Ces questions ne sont pas si théoriques que cela, puisque Orange est l’un des partenaires
retenus par la BNF dans le cadre de la réforme du Haut-de-Jardin à Tolbiac. Or, Orange, c’est
France Telecom. Et France Telecom, ce sont 25 suicides à cause des restructurations et de la
mobilité forcée due à la transformation d’un service public en entreprise privée, que ne cesse
de dénoncer nos camarades de SUD-PTT. Nous nous souvenons aussi du mécénat de Natexis,
qui est l’un des responsables de la crise bancaire, provoquant la crise économique qui touche
de nombreux salariés. Comme si ces entreprises ne nuisaient pas à l’image de service public
de la BNF.
Quant au passage sur le fait de «n’autoriser aucune activité qui mettrait en péril la sécurité
[…] des personnels et des usagers de la BNF», quelles sont les garanties ? Nous n’avons pas
oublié cette fameuse avant première du troisième film inspiré du roman le Seigneur des
Anneaux, lors de laquelle les agents du vestiaire avaient travailler dans le noir avec des
lampes, car le courant avait été coupé pour préparer la soirée de mécénat. Lors de cette soirée,
les salles de lecture avaient été évacuées avant l’heure normale de fermeture pour faire place
aux invités triés sur le volet, démontrant clairement que les intérêts privés d’une poignée de
privilégiés passent avant le droit d’accéder à la Culture du plus grand nombre.

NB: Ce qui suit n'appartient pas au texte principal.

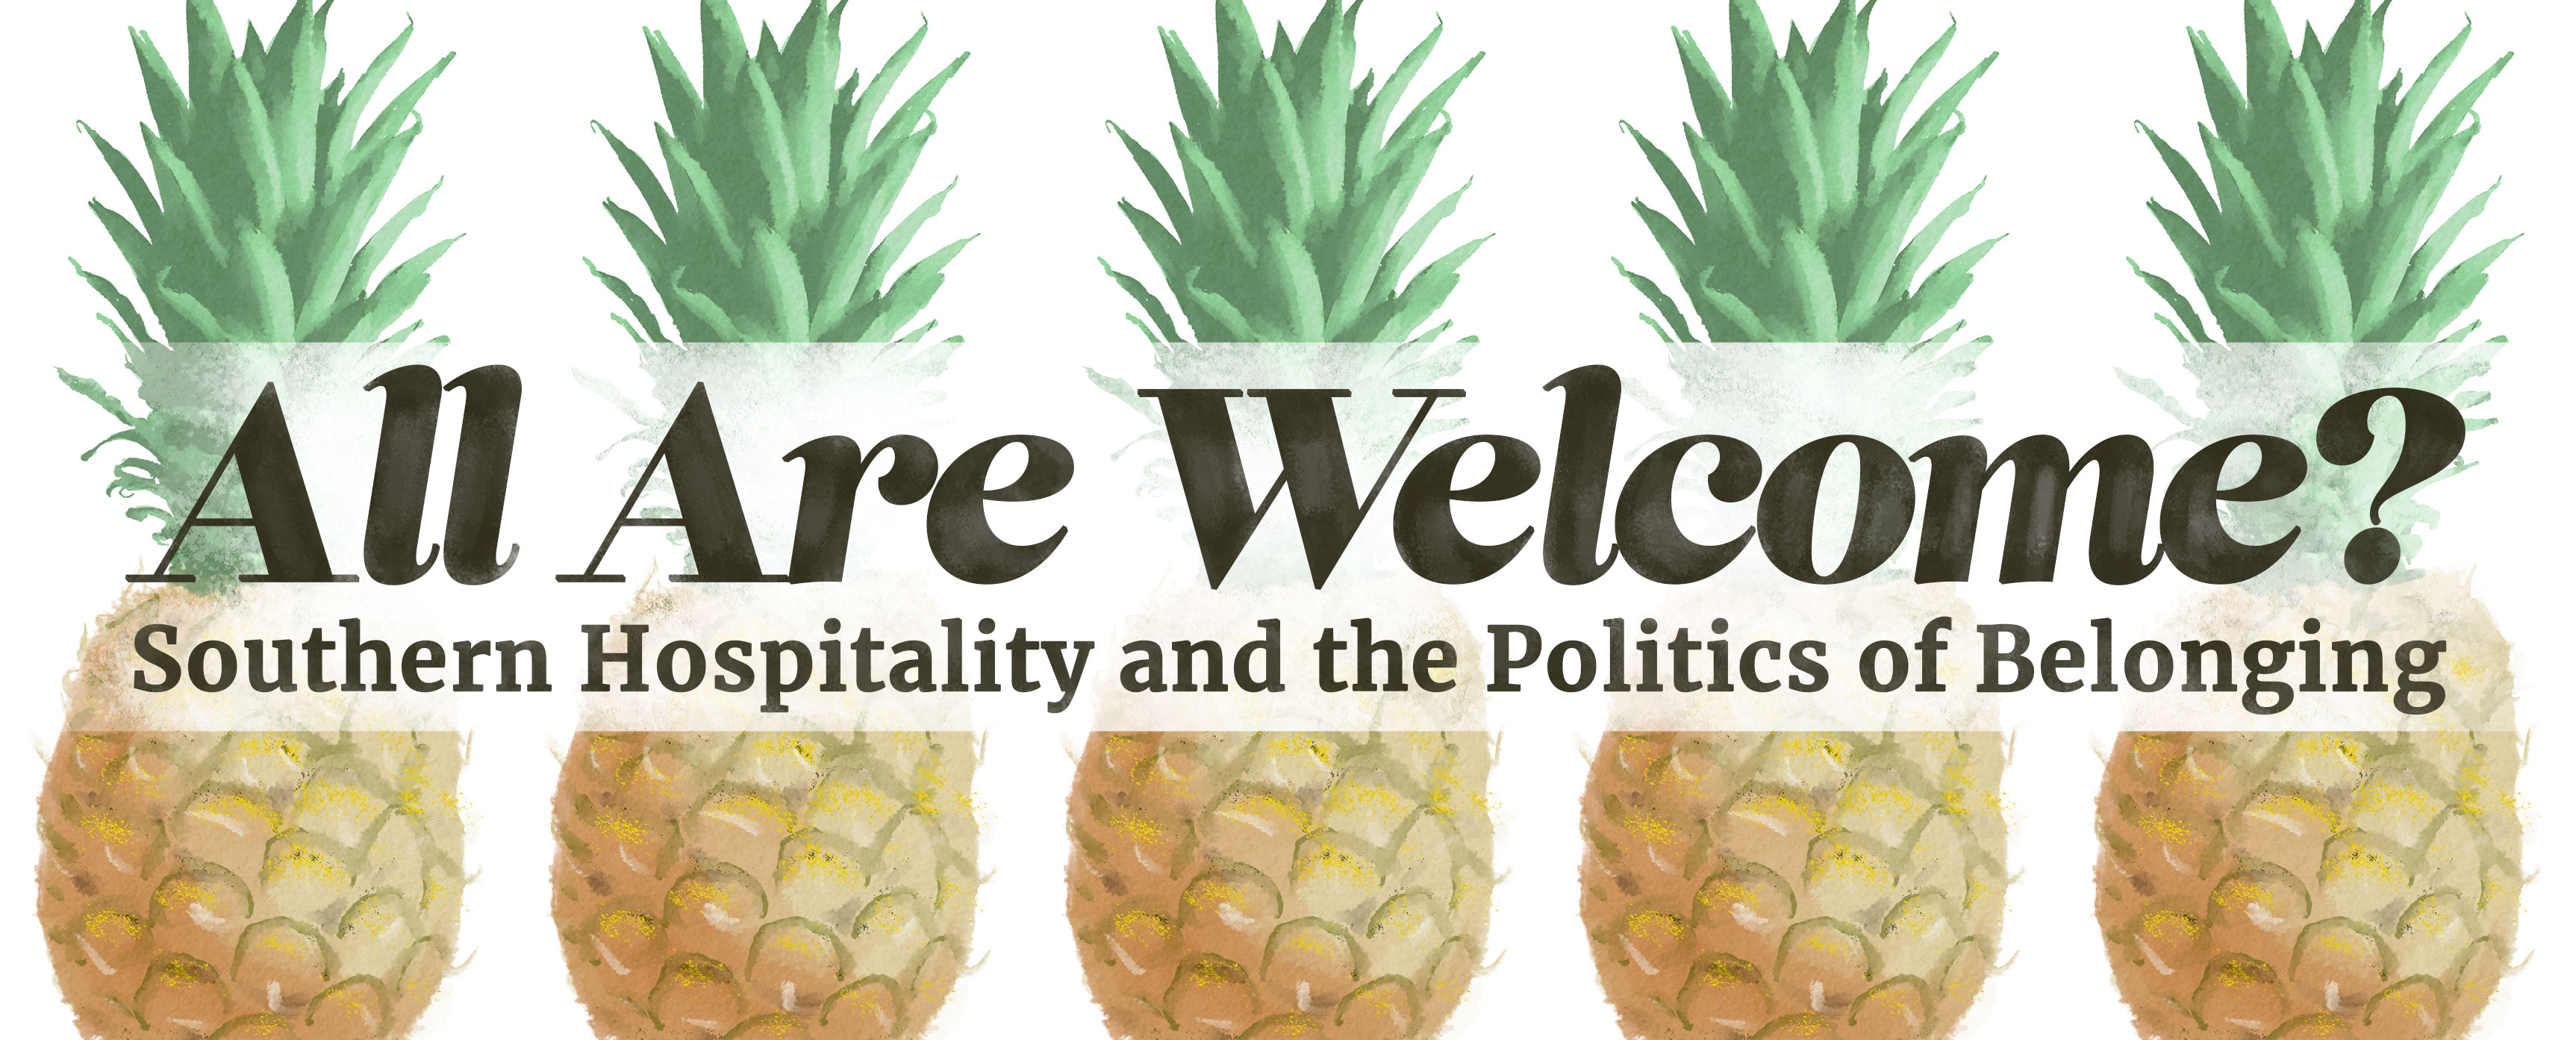 All Are Welcome? Southern Hospitality and the Politics of Belonging

Ceci jette un doute sur le point 5 «accès et utilisation des espaces de la BNF», puisqu’il est
prévu contradictoirement aux bonnes intentions du premier paragraphe un accès
«momentanément perturbé» pour les lecteurs.
D’ailleurs, cette préséance des intérêts privés sur les intérêts publics se voit bien dans le point
4.3 «Communication» l’on apprend que la BNF peut attribuer temporairement le nom d’un
mécène à un espace qui n’en a pas sauf dans les espaces où sont exposées les oeuvres
données, le nom est permanent. Si nous ne sommes pas contre cette mesure dans le cas
de dons faits par un artiste, un auteur, nous y sommes par contre totalement opposés pour les
entreprises privées dont l’affichage équivaut à de la publicité et pourrait être pris comme tel
par la majorité des lecteurs. Cela va à l’encontre des notions de neutralité et de non-
marchandisation du service public que la BNF devrait défendre. A quand un espace Dassault
célèbre marchand d’armes, un espace Areva oeuvrant dans la pollution nucléaire, un espace
CAC 40 à la gloire de la spéculation boursière ?
Enfin, pour montrer les difficultés que provoquent cette recherche grandissante de fonds
privés et cette intrusion du mercantilisme, il suffit de pointer la contradiction entre le point 8
«conflits d’intérêts», qui prévoît explicitement l’hypothèse d’un mécénat par un fournisseur
de la BNF et le point 1, qui au paragraphe C indique que la BNF «s’interdit de conclure un
mécénat ou un parrainage avec une entreprise, de nature à fausser une procédure d’appels
d’offres en cours ou à venir», car rien ne dit que par ce mécénat, ce fournisseur ne cherche
pas à se placer pour le renouvellement de son contrat.
Par conséquent, au vu du contenu de certaines dispositions de cette charte qui visent
explicitement à élargir l’intrusion des entreprises privées au sein de notre service public, nous
ne pouvons pas accepter celle-ci en l’état, car son éthique ne peut convenir au personnel, aux
lecteurs et usagers de la BnF. C’est pour cela que nous nous y sommes opposés lors de sa
présentation au CTP du 21 octobre 2009 et que nous avons obtenu, avec la participation
d’autres organisations syndicales, qu’elle ne soit pas validée à cette occasion. Mais elle doit
être représentée lors du prochain CTP qui aura lieu au mois de janvier, ce qui nécessite de
poursuivre l’action pour une charte éthique digne de ce nom.